Но в данном случае авторы просчитались. Ошалелую интеллигенцию они гнали на бойни, как баранов. Стихийные мятежи крестьян и голодные бунты рабочих довольно легко подавляли. Но казаки-то были прирожденными и опытными воинами. Привычными к спайке, умеющими быстро сорганизоваться. Их терпения хватило всего на месяц, пока они не поняли, что их на самом деле намереваются извести под корень. Пожар занялся сразу в нескольких местах. В станице Еланской, когда 20 карателей захватили очередную партию жертв, поднялся Красноярский хутор. Казак Атланов собрал 15 человек с двумя винтовками – пошли шашками и плетками отбивать арестованных. В Казанской, когда на один из хуторов приехали 25 трибунальцев с пулеметом проводить “карфаген”, тоже восстали. Пошла цепная реакция. Сотник Егоров поднял по казачьему сполоху 2 тыс. человек…

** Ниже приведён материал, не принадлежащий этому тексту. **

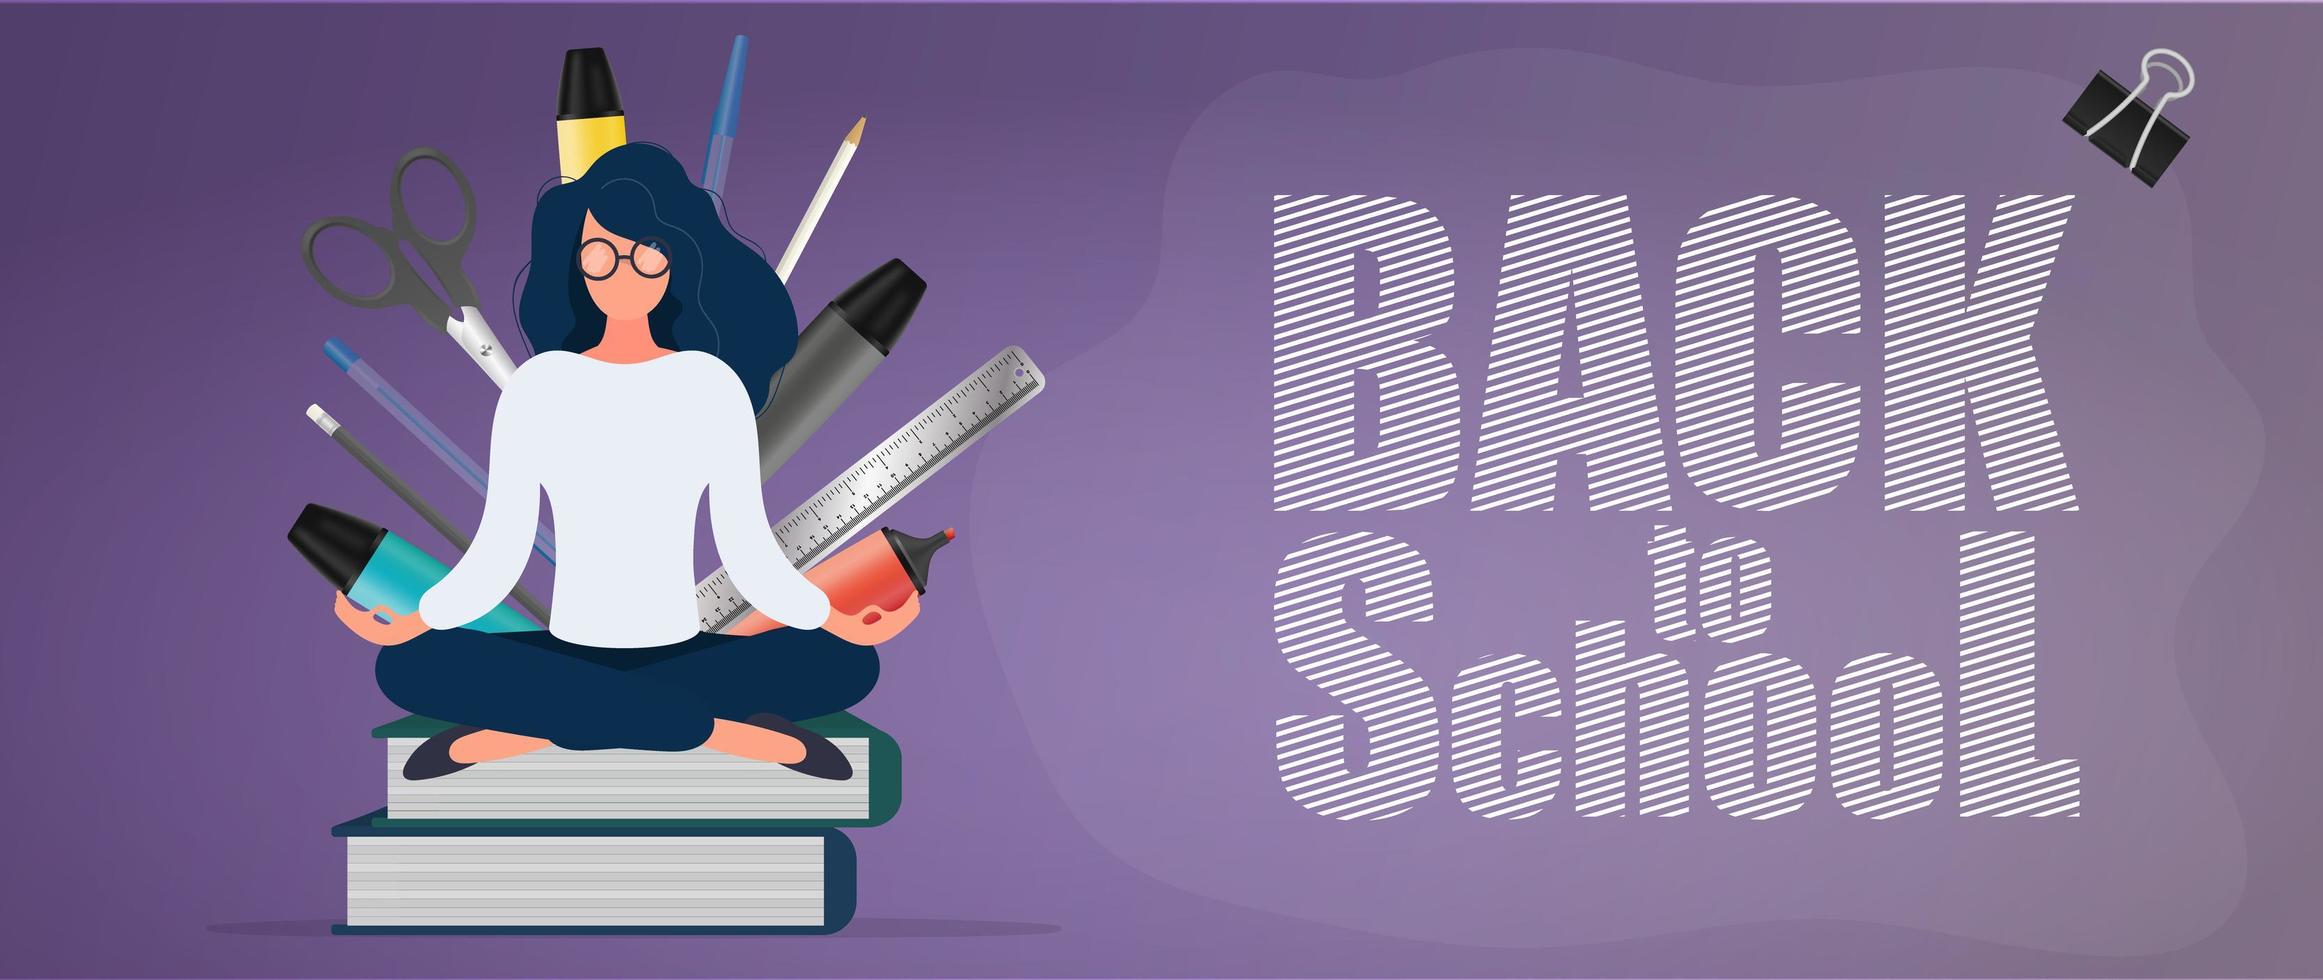 Back to school banner. A girl with glasses sits on a stack of books. Stationery, leather sheaths, pens, pencils, markers, ruler. Concept for the start of the school season. Vector. vector

В качестве агитационных материалов повстанцы распространяли найденные у убитых комиссаров ту самую, свердловскую директиву о геноциде и телеграмму члена РВС Южного фронта Колегаева во исполнение директивы. Мятеж разливался стремительно, охватил станицы Казанскую, Еланскую, Вешенскую, Мигулинскую, Шумилинскую, Мешковскую, Усть-Хоперскую, Каргинскую, Боковскую. Казаки самостоятельно формировали сотни и полки, выбирали командиров. Выдвинули лозунг: “За советскую власть, но против коммуны, расстрелов и грабежей”. У повстанцев не было оружия, боеприпасов – почти все сдали. Но доставали припрятанные дедовские шашки, ковали пики и кидались в атаки с холодным оружием. Отливали картечь и пули из оловянной посуды, из свинцовых решет веялок. Для нескольких захваченных пушек вытачивали стаканы снарядов из дуба на токарном станке. И гнали, громили палачей.
В это же время восстало Уральское казачество. Разумеется, не сговариваясь с Донским. Но действовали одни и те же закономерности, вели к одному и тому же результату. Восстали и оренбургские казаки. Поднялись терские, активно поддержали Деникина. В итоге для Советской власти кампания геноцида нанесла только вред. Победы на всех фронтах оборвались. Вместо того, чтобы добить белогвардейцев, войска разворачивались на восставших казаков. Оправились от поражений и перешли в наступление Колчак, Деникин… Впрочем, круги международной «закулисы», стоявшие за Свердловым и Троцким, такой поворот тоже устраивал. Вместо завершения гражданской войны в России стал раскручиваться новый ее виток. Лились новые моря крови. Великая держава рассыпалась в хаос и уже никак не могла угрожать западным конкурентам. Наоборот, она превращалась в лакомую добычу.